Bug 7551 - Fluctuating and slow network perfomance
Summary: Fluctuating and slow network perfomance
Status: REJECTED INSUFFICIENT_DATA
Alias: None
Product: Networking
Classification: Unclassified
Component: IPV4 (show other bugs)
Hardware: i386 Linux
: P2 high
Assignee: Stephen Hemminger
URL:
Keywords:
Depends on:
Blocks:
 
Reported: 2006-11-19 07:12 UTC by Charlie G Mentorez
Modified: 2007-02-20 13:41 UTC (History)
1 user (show)

See Also:
Kernel Version: 2.6.18.x
Subsystem:
Regression: ---
Bisected commit-id:


Attachments

Description Charlie G Mentorez 2006-11-19 07:12:31 UTC
Most recent kernel where this bug did *NOT* occur:
2.6.17.13

Distribution:
Crux

Hardware Environment:
Seem not dependence tested om Intel P4 PII and AMD Optron based.
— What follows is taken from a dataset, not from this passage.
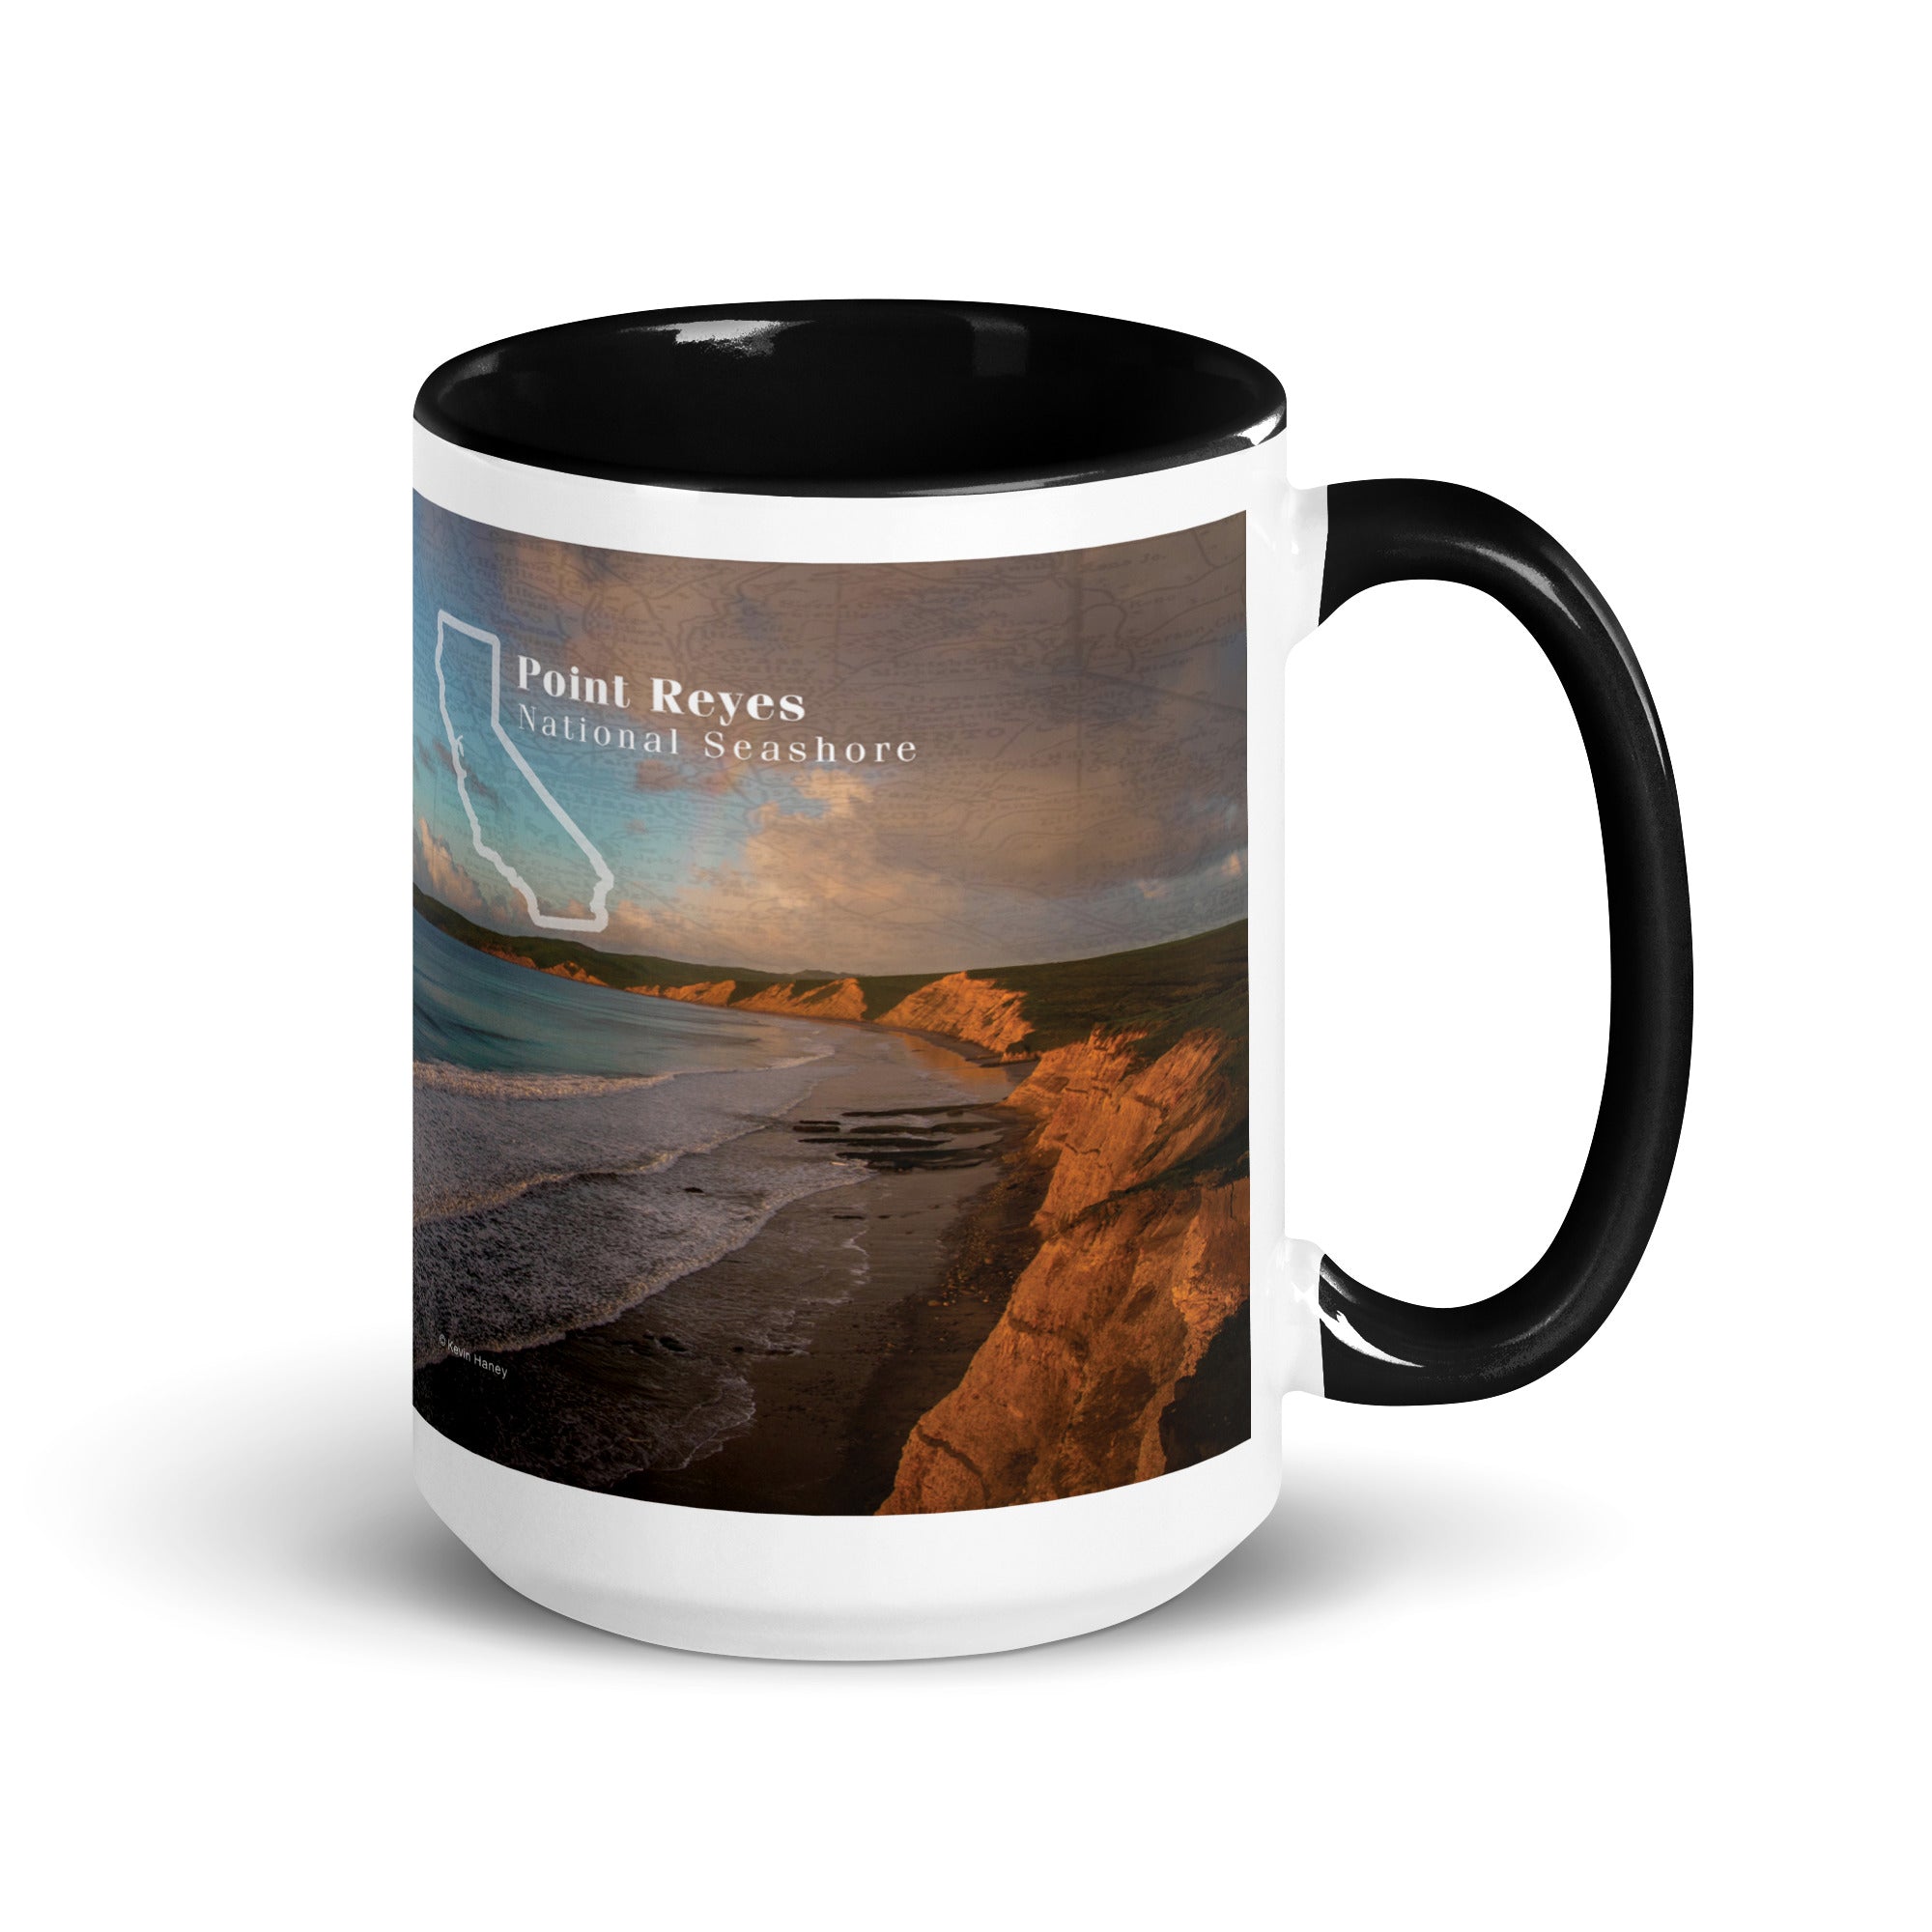 Point Reyes National Seashore Mug with Black Inside

We use Intel or
3com NIC the problem seem to be the same regardels wich nic it runs through.

Software Environment:
Pure linux router with iptables or as filserver with samba.
Teste also on server with Apache and singel NIC, but same issue.

Problem Description:
Since 2.18.X it seem to be problem with the network performance.
This problem might have been for a while but it come more obvious now when I
updated the Main router. The trafik is now much slower even testing local
between to machines with same kernel version. 
I tested between mashine with older kernel with same network connection, this
show normal transfer speed and ping.

Steps to reproduce:
I have tested on non loaded local network.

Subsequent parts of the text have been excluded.